| Requirement |
Would you copy exactly the lines in the data below from the one that has "Freebies for 2019: Free" through the one that has "JBL USB controller", dropping any pictures?

| Data in this exercise |

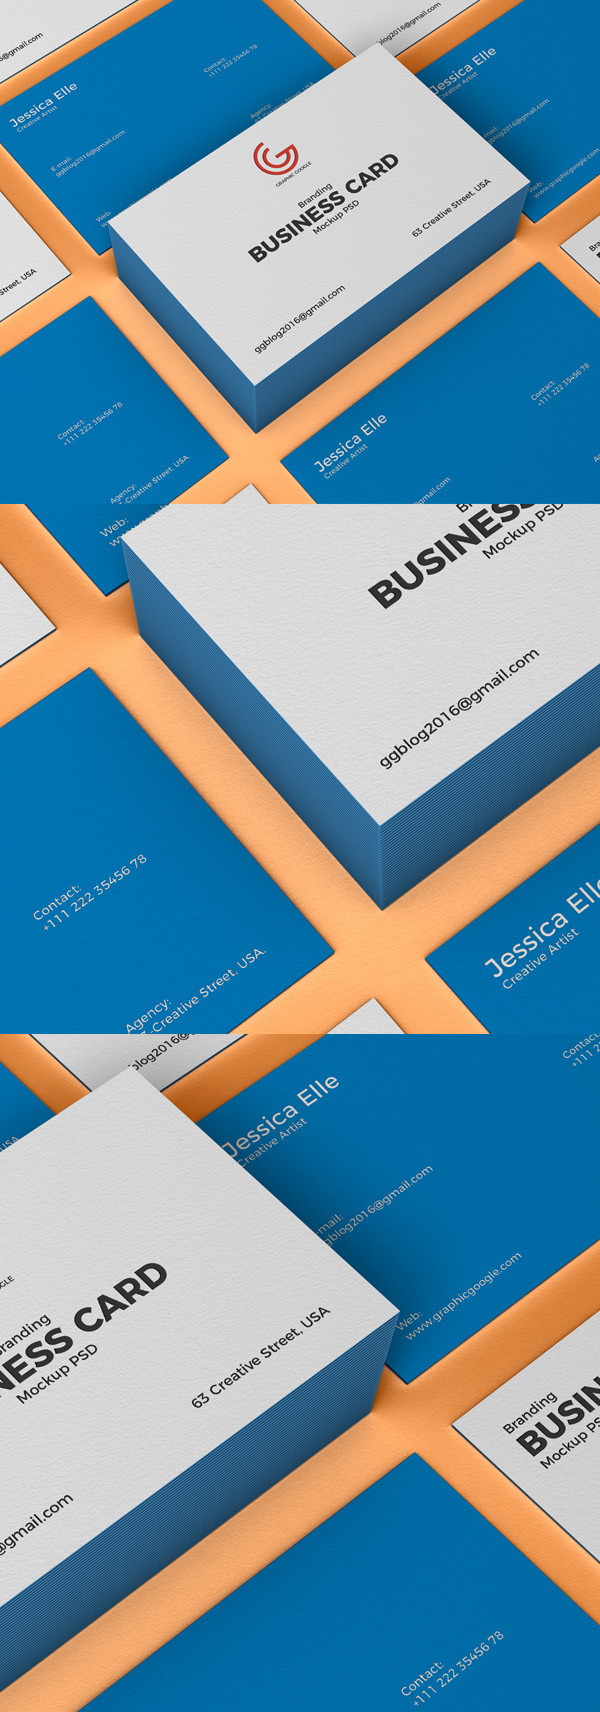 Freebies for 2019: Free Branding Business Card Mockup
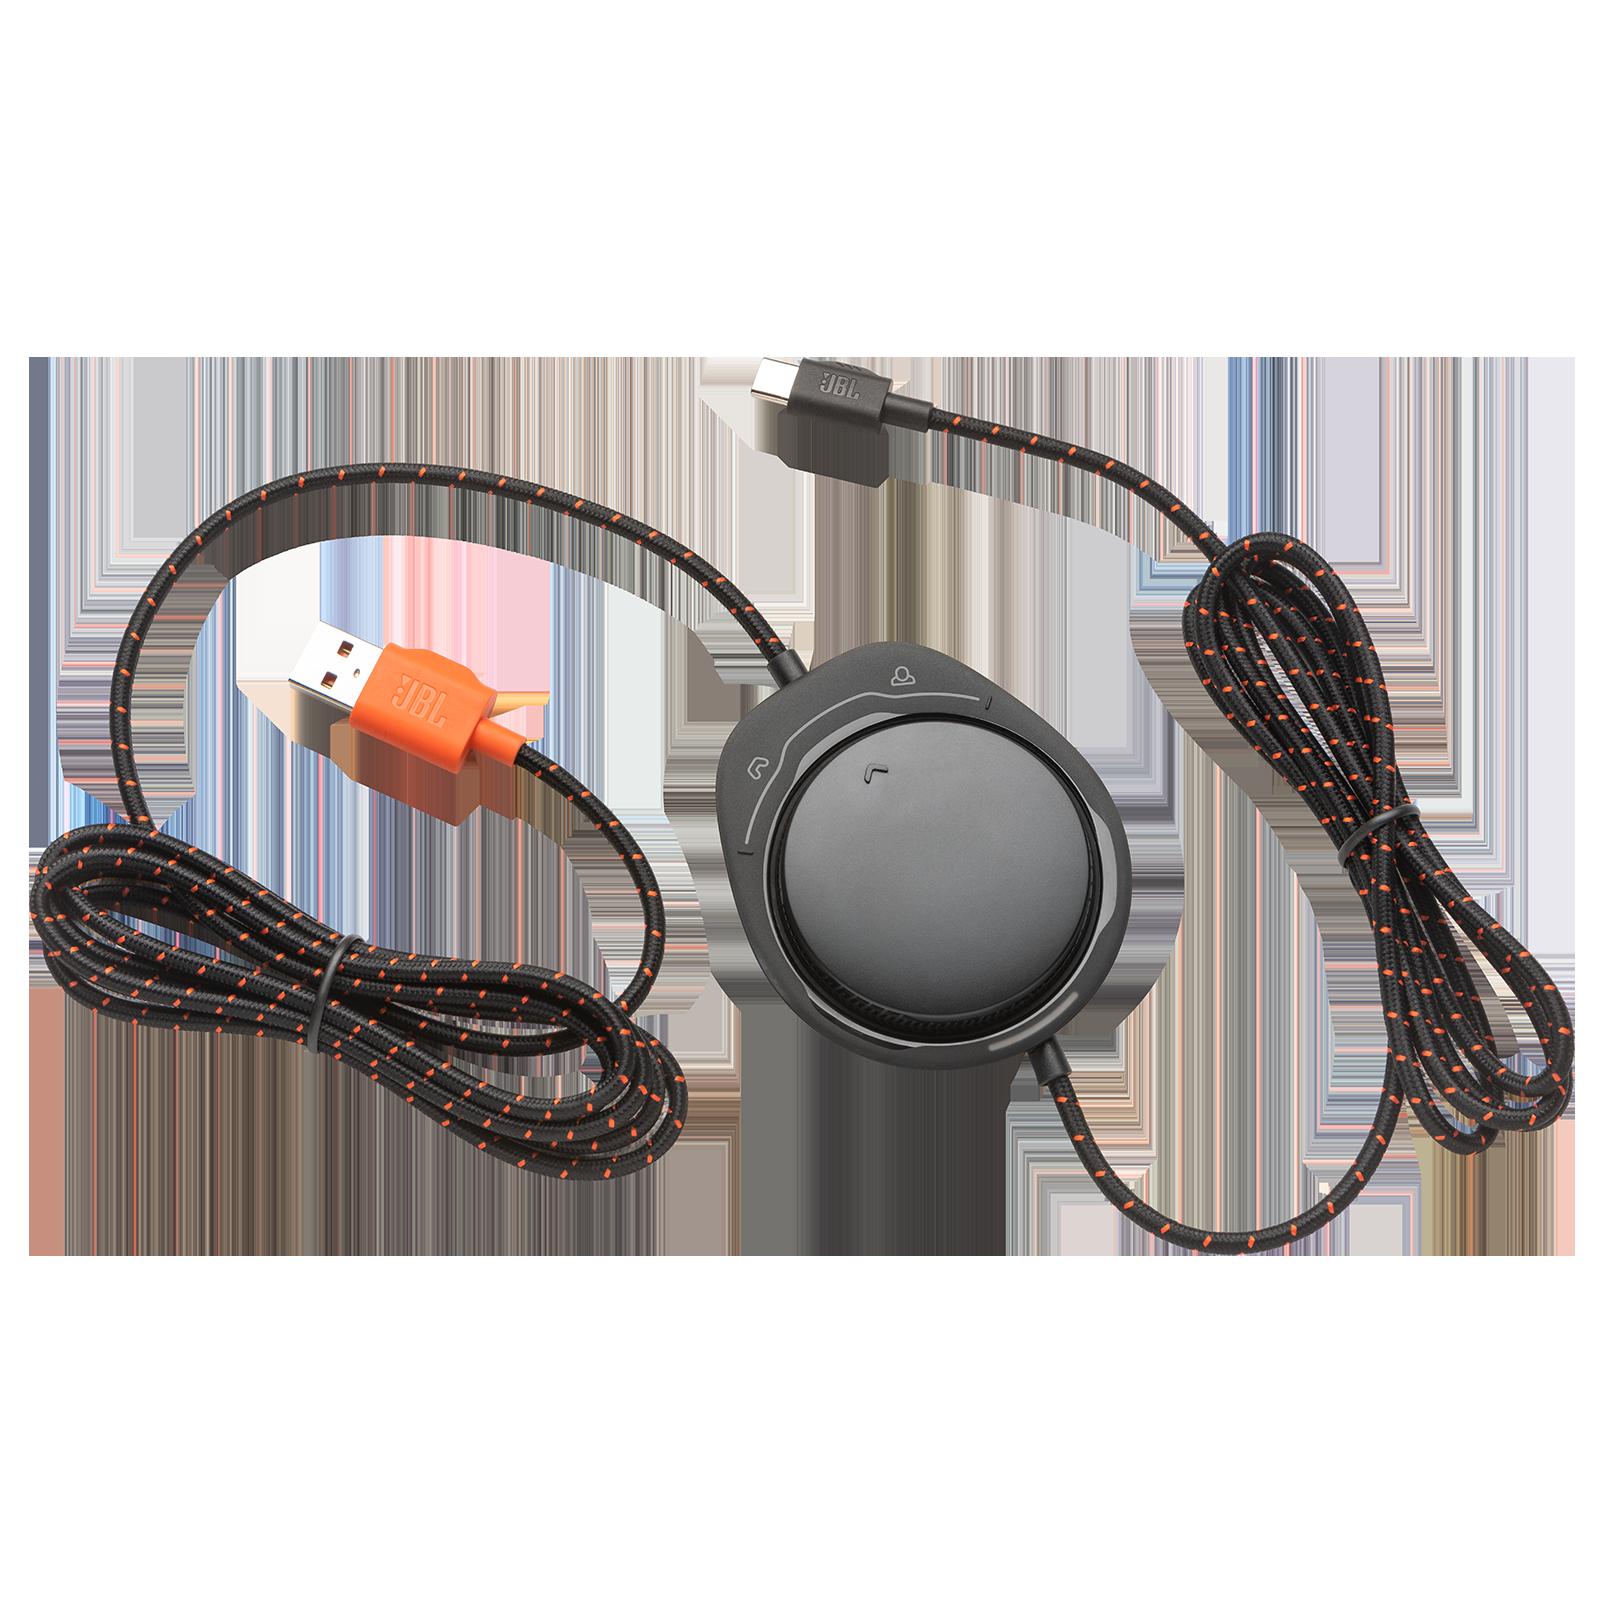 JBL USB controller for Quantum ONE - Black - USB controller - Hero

...

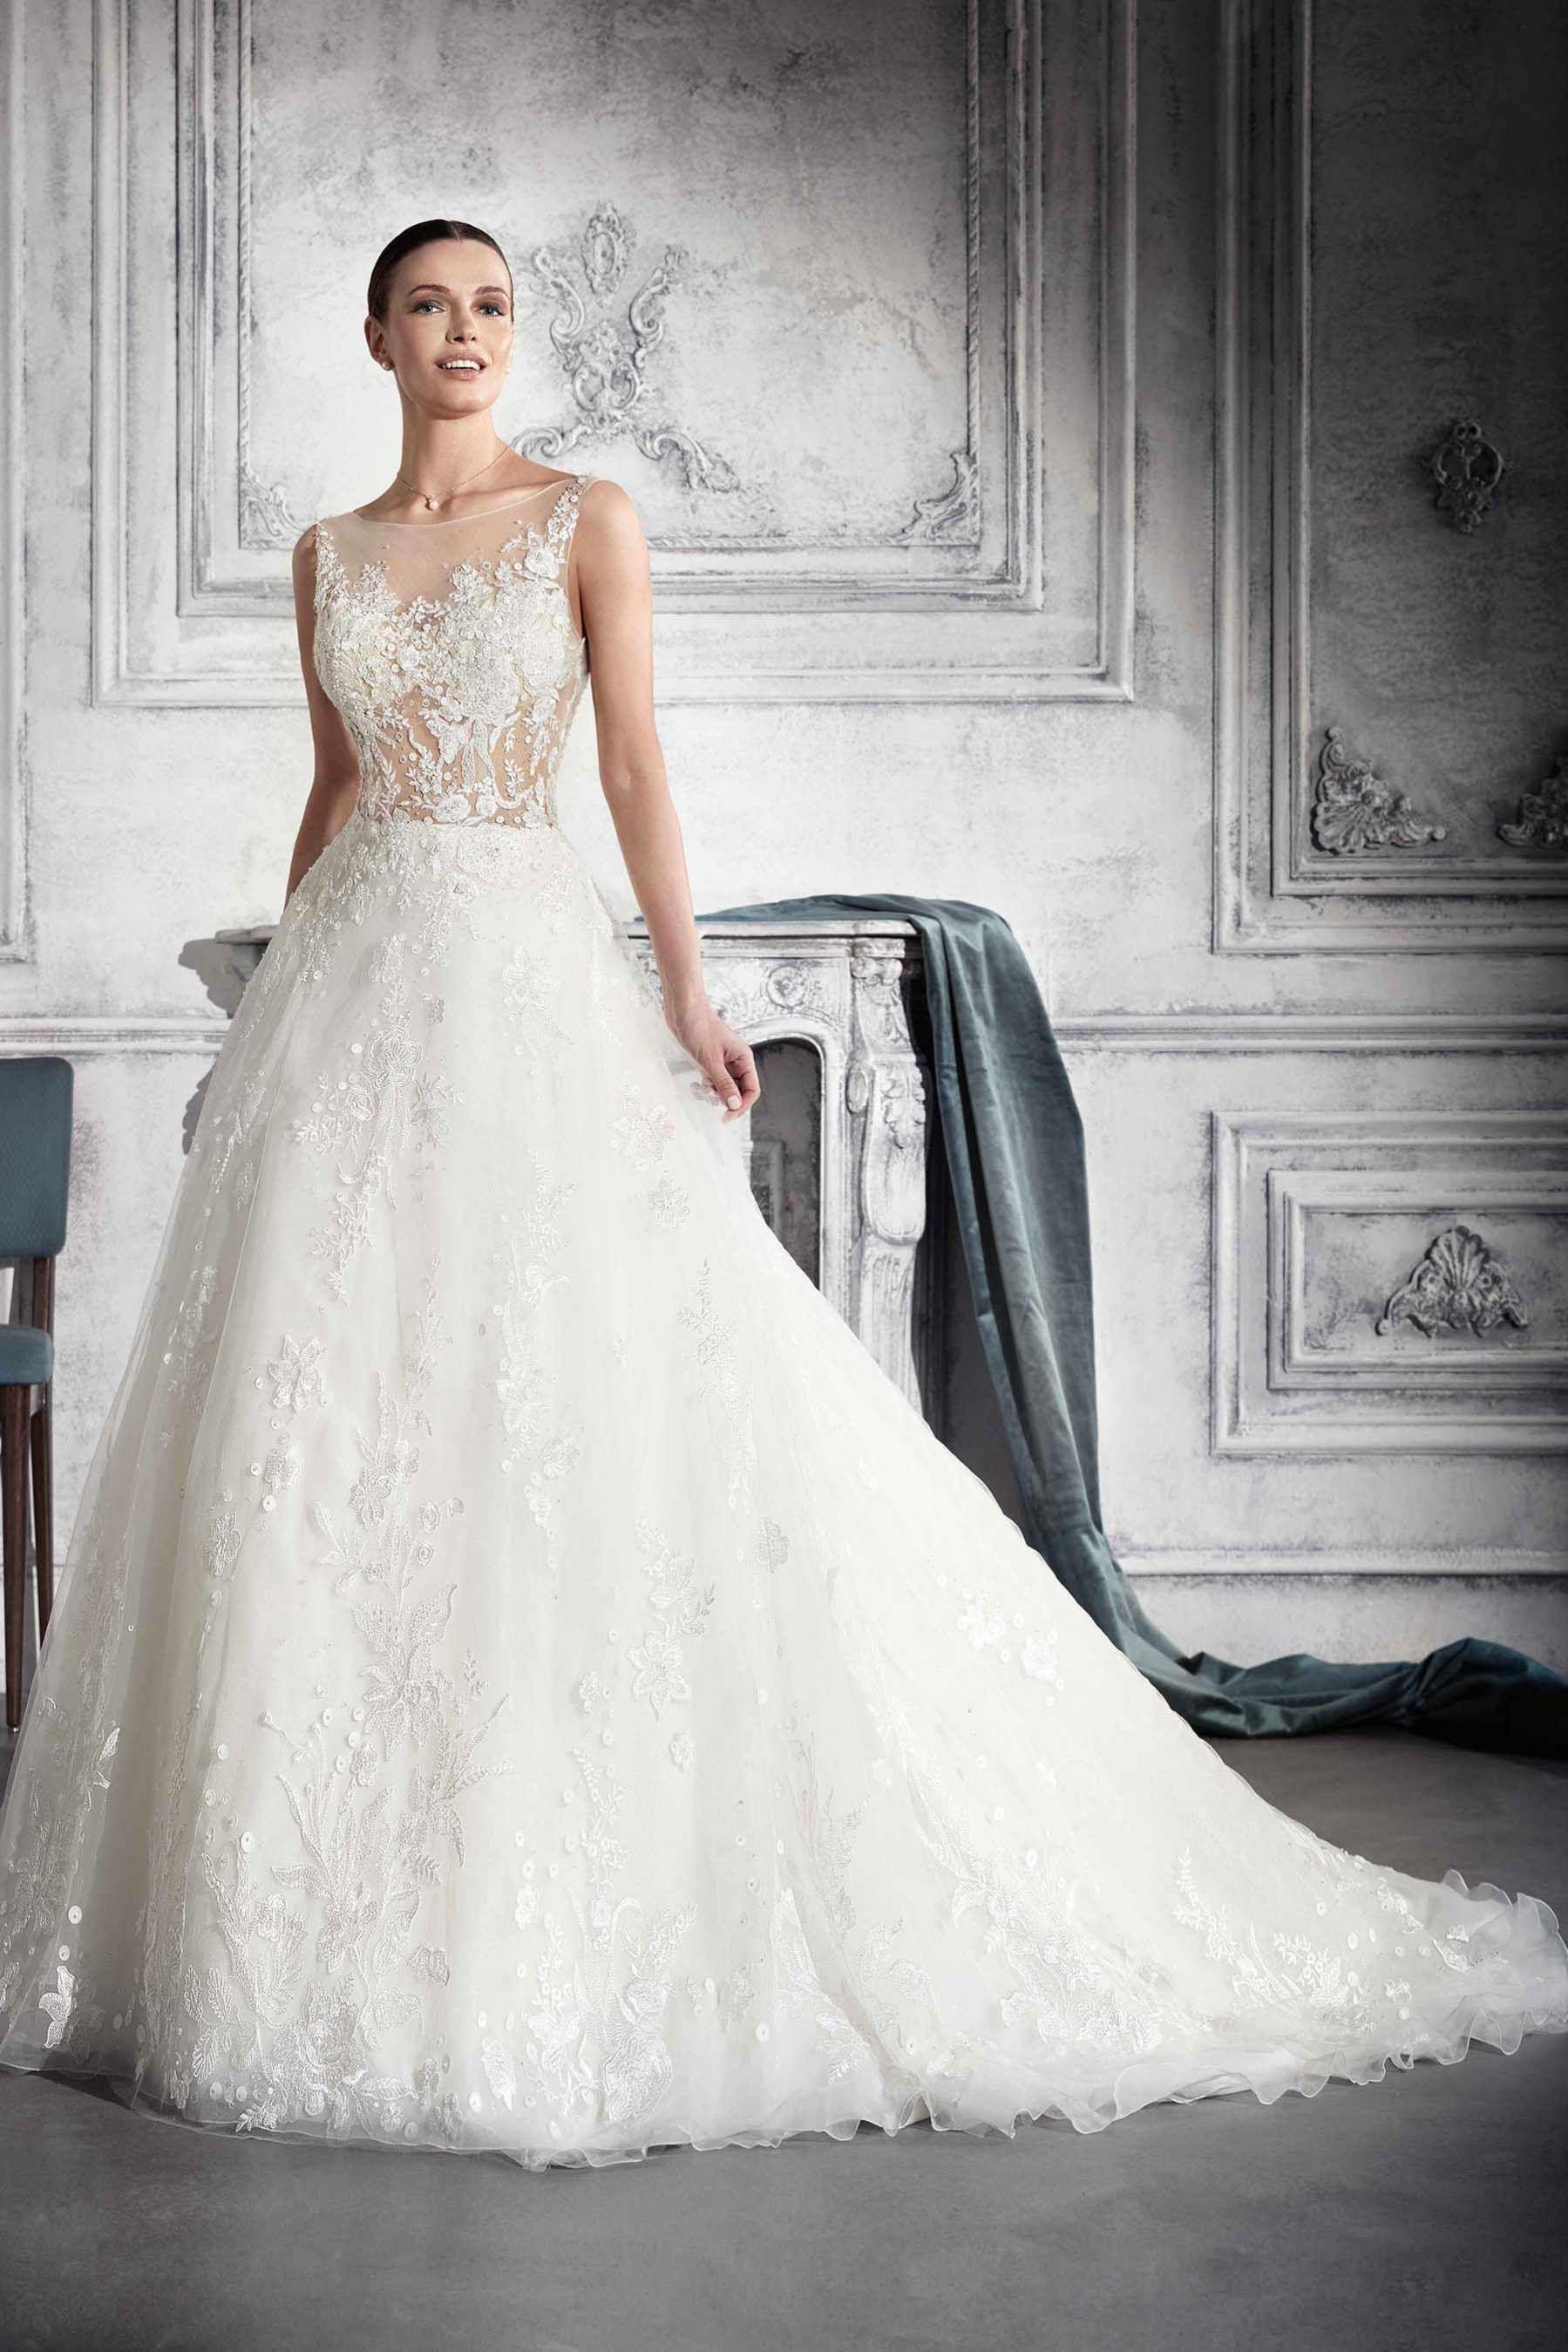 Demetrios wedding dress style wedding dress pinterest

---

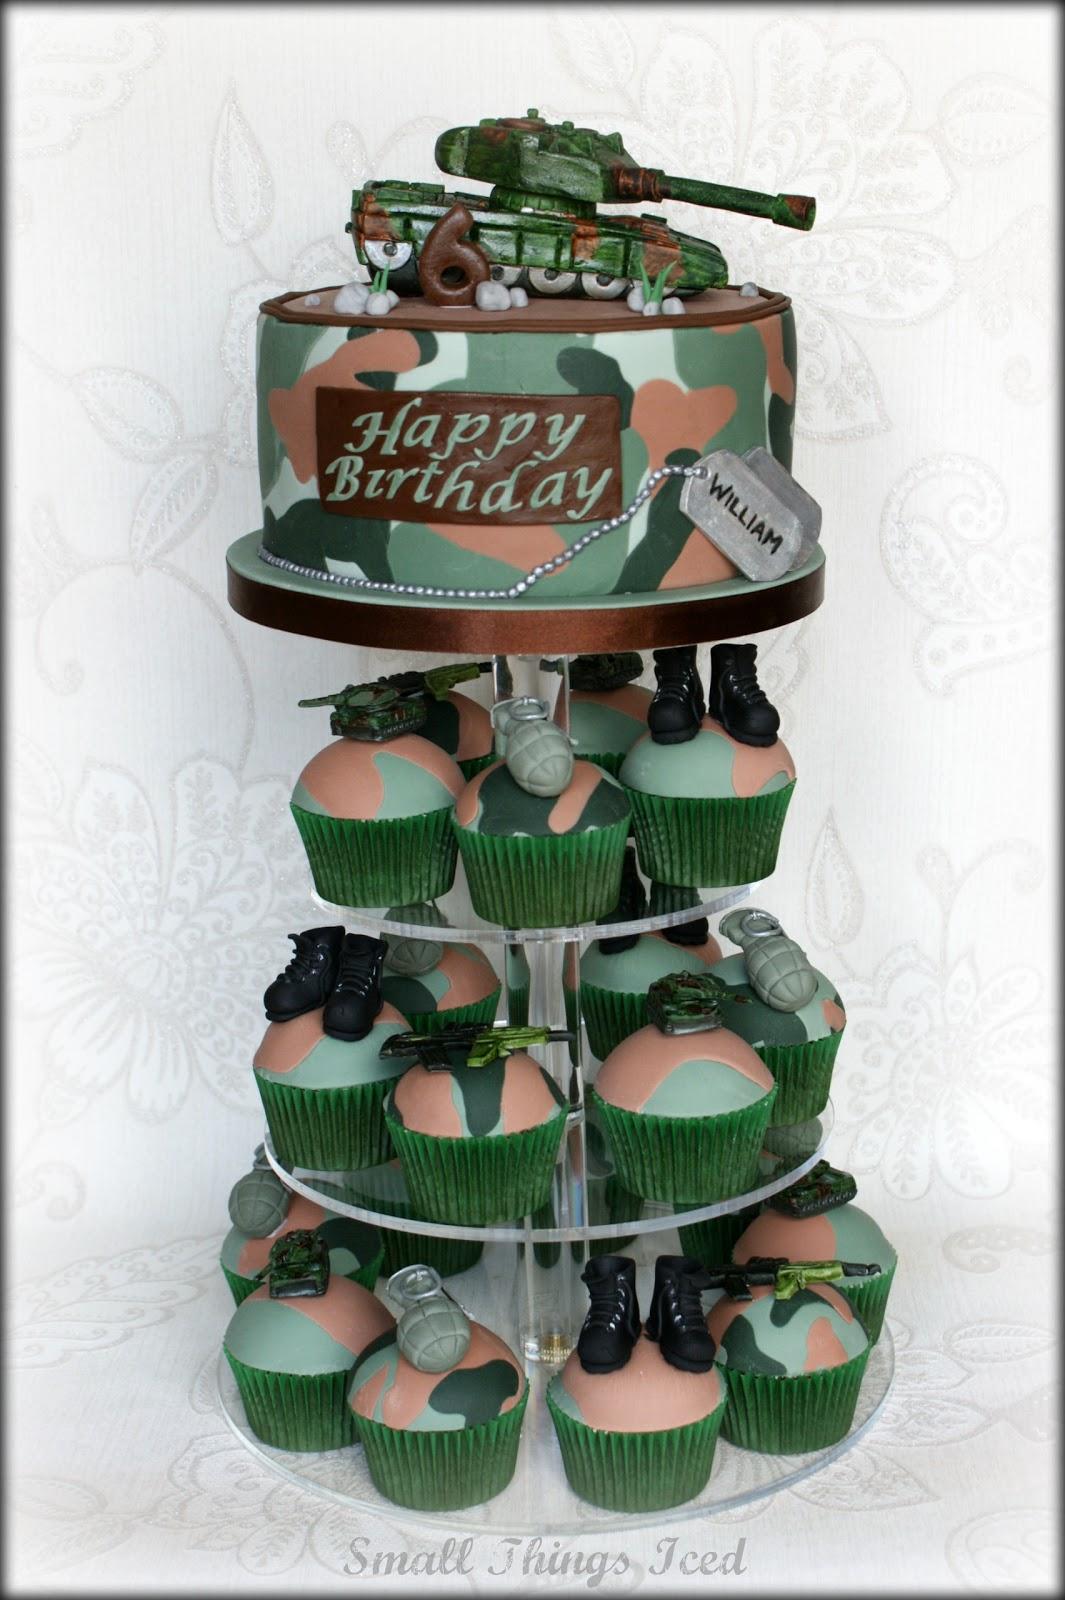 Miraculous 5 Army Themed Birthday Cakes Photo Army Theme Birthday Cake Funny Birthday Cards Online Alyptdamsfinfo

| Exercise solution |
 Freebies for 2019: Free Branding Business Card Mockup
 JBL USB controller for Quantum ONE - Black - USB controller - Hero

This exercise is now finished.